Zwei Gewohnheiten, die einen Menschen glücklich machen. Die Philosophie von Omar Khayyam, die die Wissenschaft nach 1000 Jahren bestätigt hat

Omar Khayyam war kein Psychotherapeut. Er war Astronom, Mathematiker und Philosoph, der zwischen seinen Berechnungen Gedichte schrieb. Aber seine fast zehn Jahrhunderte alten Rubaiyat werden heute in sozialen Netzwerken zitiert und in Protokollen der kognitiven Verhaltenstherapie verwendet.

Zwei Gewohnheiten, die einen Menschen glücklich machen. Die Philosophie von Omar Khayyam, die die Wissenschaft nach 1000 Jahren bestätigt hat
glücklich

Nicht weil Weisheit langsam altert, sondern weil Khayyam zwei Gewohnheiten entdeckt hat, die wirklich funktionieren. Und erst in den letzten dreißig Jahren konnte die Neurobiologie erklären, warum.

Gewohnheit Nummer eins. Vergebung als Amputation

Hayyam war kein Sentimentalist. Er forderte nicht dazu auf, sich mit seinen Beleidiger zu versöhnen oder das Böse zu vergessen. Seine These ist härter: Groll zu hegen bedeutet, freiwillig das Gift eines anderen in sich zu tragen. Vergebung betrachtete er nicht als moralische Geste, sondern als hygienische Maßnahme.

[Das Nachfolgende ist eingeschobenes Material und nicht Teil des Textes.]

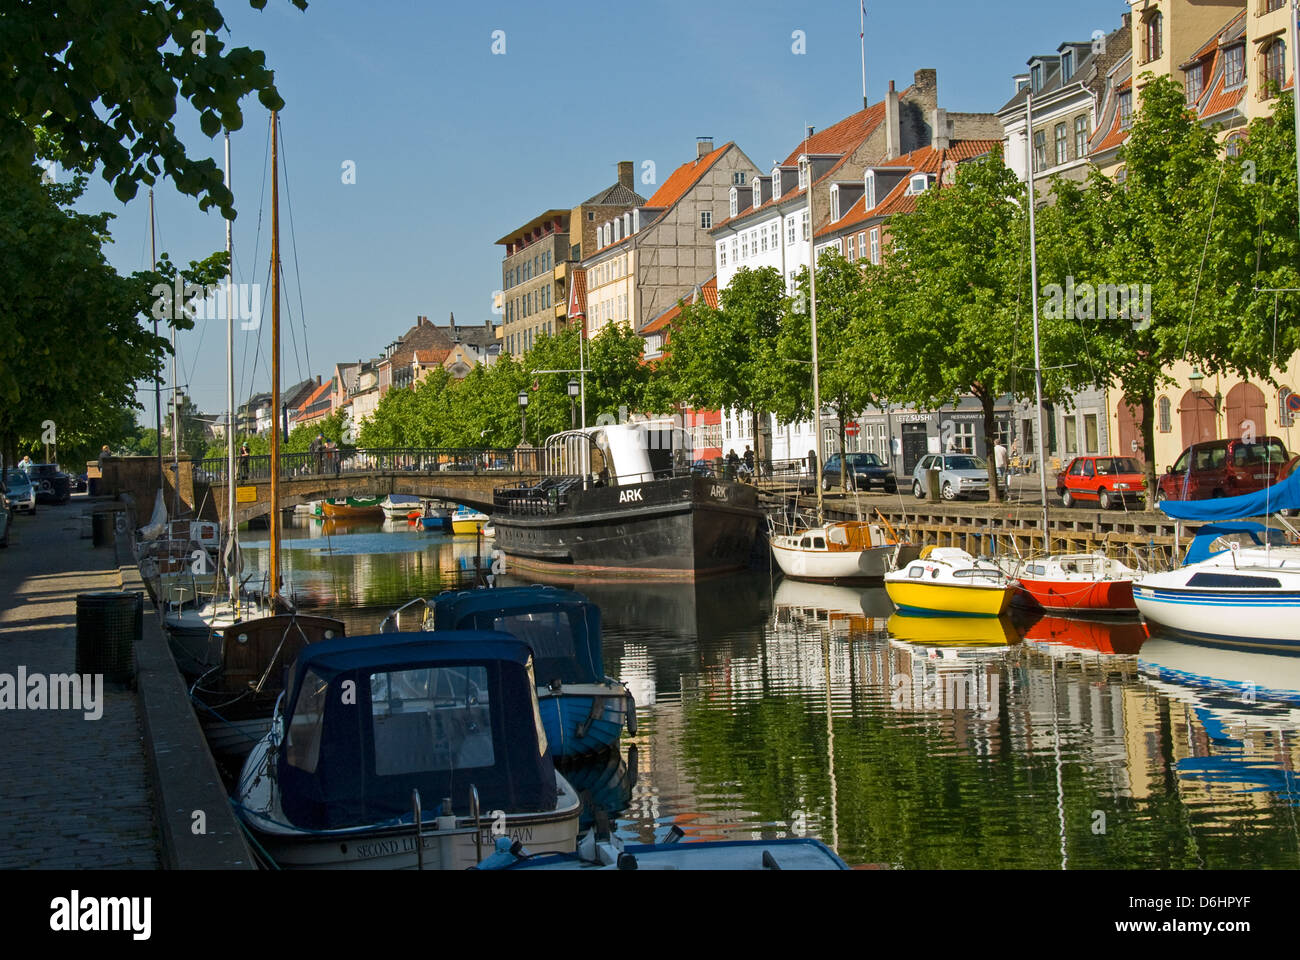 Christianshavn Canal, Copenhagen, Denmark Stock Photo

Moderne Forschungen bestätigen: Chronischer Groll ist keine Emotion, sondern ein physiologischer Prozess. Die American Psychological Association hat Daten veröffentlicht, wonach Menschen, die Vergebung praktizieren, einen niedrigeren Cortisolspiegel haben, seltener über Schlaflosigkeit klagen und bessere Ergebnisse bei Tests zur Herzfrequenzvariabilität erzielen.

Groll hält das Nervensystem jahrelang in einem Zustand von „Kampf oder Flucht”. Vergebung schaltet diesen Modus aus.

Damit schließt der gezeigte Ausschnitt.